Jen, 17 años, España

JennyHola, llevo bastante tiempo ya viendo esta página. De hecho he escrito ya más veces con distintos nombres porque no me sentía preparada. Hoy voy a contar la historia por la que me tuve que replantear mi sexualidad. Es casi una historia de amor barata para libros de drama adolescente. En cualquier caso espero que a quien la lea le reconforte saber que no está solo.

Hace alrededor de un año y medio empecé a sentirme diferente, confundida, no sabía bien en qué dirección debía moverme, supongo que aún sigo así, puede que un paso más cerca.

El caso es que desde muy pequeña conozco a una chica, que fue una de mis mejores amigas. Habíamos estado bastante separadas, pero a principios de septiembre volvimos a hablar y empezamos a salir en el mismo grupo de amigos. Alguna vez hablamos sobre la bisexualidad, pero nadie lo tomó realmente en serio, ni siquiera nosotras.

A mediados del curso, nos fuimos de excursión un fin de semana fuera con el instituto. Ella y yo íbamos en la misma habitación con otras dos amigas. Una noche que ellas se habían escapado a la habitación de otras chicas, empezamos a hablar, ella se bajó de su litera a mi cama y una cosa llevó a la otra.

Cuando despertamos, las dos estábamos confundidas e incluso avergonzadas. Apenas podíamos mirarnos a la cara y no nos hablábamos. Al final con el tiempo volvimos a hablar como si nada hubiese pasado. Un día cuando estábamos en clase después de haber tenido (yo) una mala actitud con el profesorado (Aunque en realidad estaba teniendo esta mala actitud casi con todo el mundo) me dieron la noticia de que me habían expulsado una semana del centro escolar.

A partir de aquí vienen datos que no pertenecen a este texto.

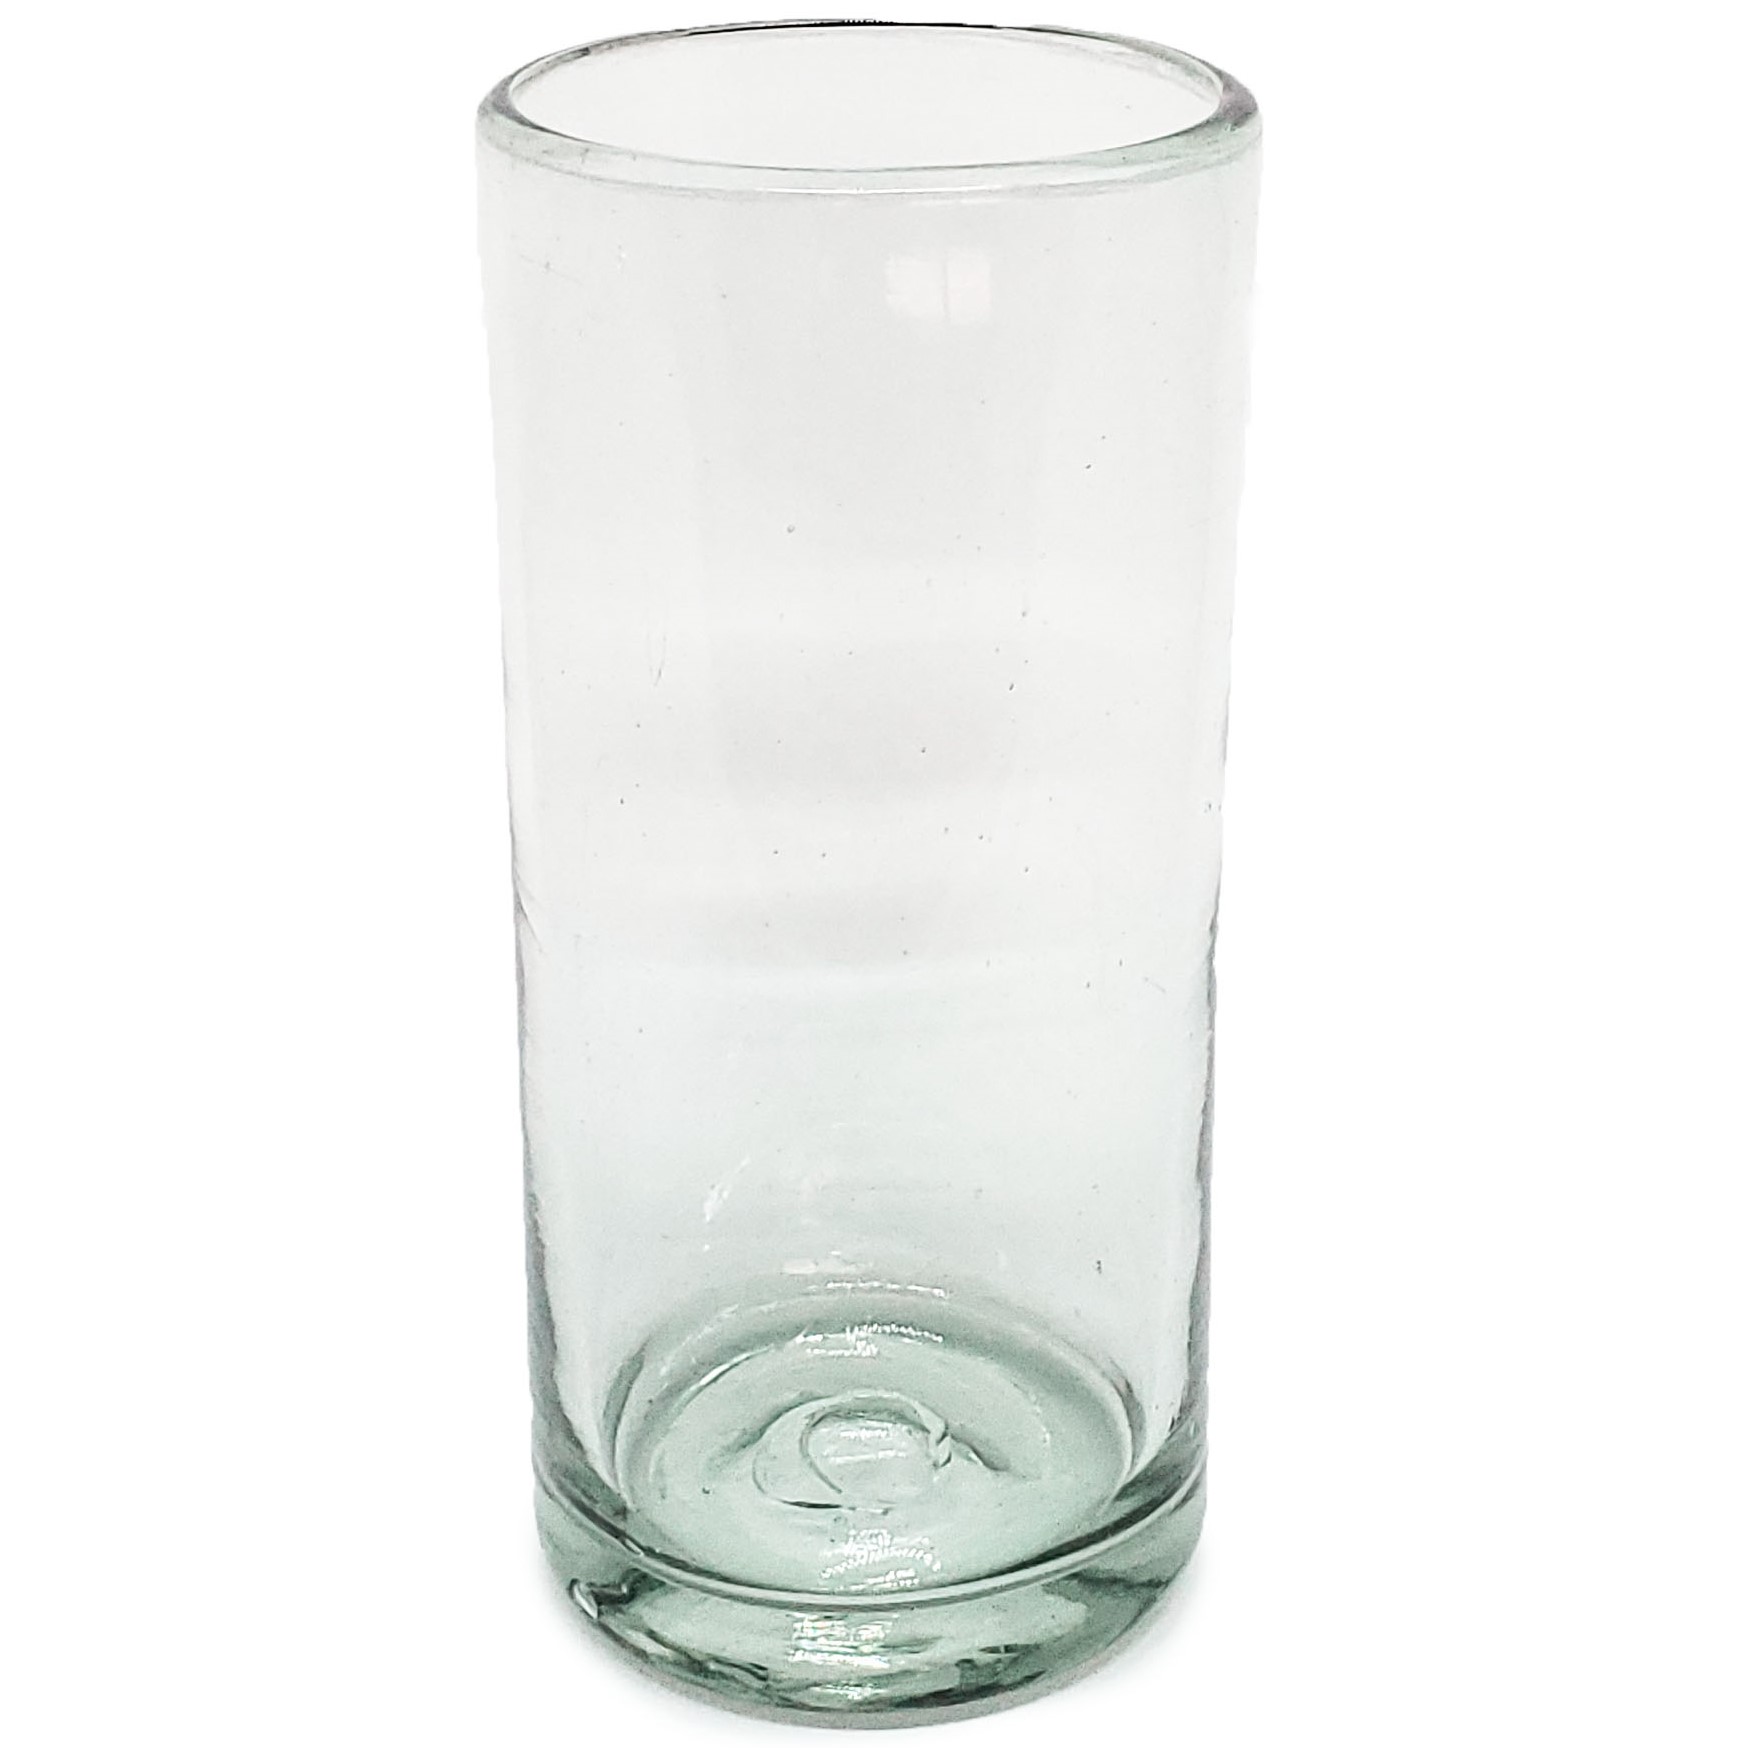 https://mexhandcraft.com/imgProducts/Clear%2020%20oz%20Tall%20Iced%20Tea%20Glasses%20(set%20of%206)%20(7).jpg

Cuando me dijeron esto, me entraron unas ganas innegables de llorar, y entonces ella me agarró la mano bajo la mesa con fuerza y empezó a acariciarla con su pulgar.

Uno de esos días en los que yo estaba expulsada ella se saltó las clases y me vino a visitar a casa. Fuimos a un lugar que sólo nosotras conocemos dentro de un bosque que hay cerca de la ciudad. Cuando llegamos estuvimos un rato calladas escuchando el vacío, me figuro que las dos pensábamos en lo que había habido entre nosotras. Así que le pedí que lo dejara de ignorar y que por favor habláramos de ello.

Me confesó que ya sabía que le atraían las mujeres desde hacía unos meses, pero que nunca había tenido la oportunidad de confirmarlo hasta el viaje y que no se sentía preparada para asociarse a ninguna orientación sexual. Yo casi solo escuché lo que ella decía. Cuando fue mi turno no supe qué decir, la verdad no sabía nada. Empecé a llorar y ella intentó consolarme, pero aunque lo intentara no podía parar. Ella me besó y nos quedamos un rato abrazadas escuchando de nuevo el silencio.

A partir de ahí empezamos a quedar por las tardes en su casa cuando solo estaba ella. Hablábamos sobre nuestra graduación, los sueños que teníamos y a qué aspirábamos. A veces veíamos películas y otras las películas solo estaban como el que oye llover. Empezamos una relación en secreto, ya que su padre era homofóbico, y su hermano algo escéptico. Mis padres no es que fueran nada de eso, pero siempre en estos casos es algo complicado de asimilar para la familia y la persona en cuestión y ninguna estaba preparada.

Pasábamos mucho tiempo juntas y eso contrarrestaba los ratos en los que debíamos actuar como si nada. Hace unas semanas, algo más de un mes, estábamos en su casa viendo una película romántica y abrazadas en el salón de su casa, cuando su padre, que había salido antes de lo normal de trabajar nos vio besándonos. Nos quitó la manta que nos cubría con un gesto nervioso y nos echó del sofá de un brinco. Empezó a gritarme como un loco, yo estaba temblando y ella lloraba. Intenté calmarle, pero nada daba resultado, así que cogí mis cosas y me fui. La puerta se cerró de un portazo en mi espalda, lo recuerdo como si fuera ayer, bajaba por las escaleras de su portal y podía escuchar sus llantos y a su padre diciendo “¿Por qué nos haces esto?” a gritos.

Después ni un mensaje, ni una llamada durante todo el fin de semana. Tampoco contestaba a nada. El Lunes ni se presentó al instituto y entonces empecé a preocuparme, pero no me atrevía a acercarme a su casa por miedo a que su padre estuviese allí. Ni siquiera se presentó a la fiesta de graduación, lo que me preocupó aún más ya que habíamos elegido juntas nuestros vestidos y se la veía ilusionada. Así que fui por la mañana temprano a su casa y me escondí fuera entre los jardines del vecindario y cuando vi que su padre y su hermano se habían ido subí a su casa.

Cuando me abrió la puerta se puso muy nerviosa, no sabría decir si para bien o para mal, en cualquier caso me rogó que me marchara, me abrazó y vi que todo en su casa estaba empaquetado en cajas y hecho un desastre y empecé a llorar. “Se acabó” me dijo, aún me da vueltas la cabeza con ello. Me explicó que como su hermano empezaba la universidad se mudaban para estar más cerca. Pero ambas sabíamos que no era ese el motivo principal.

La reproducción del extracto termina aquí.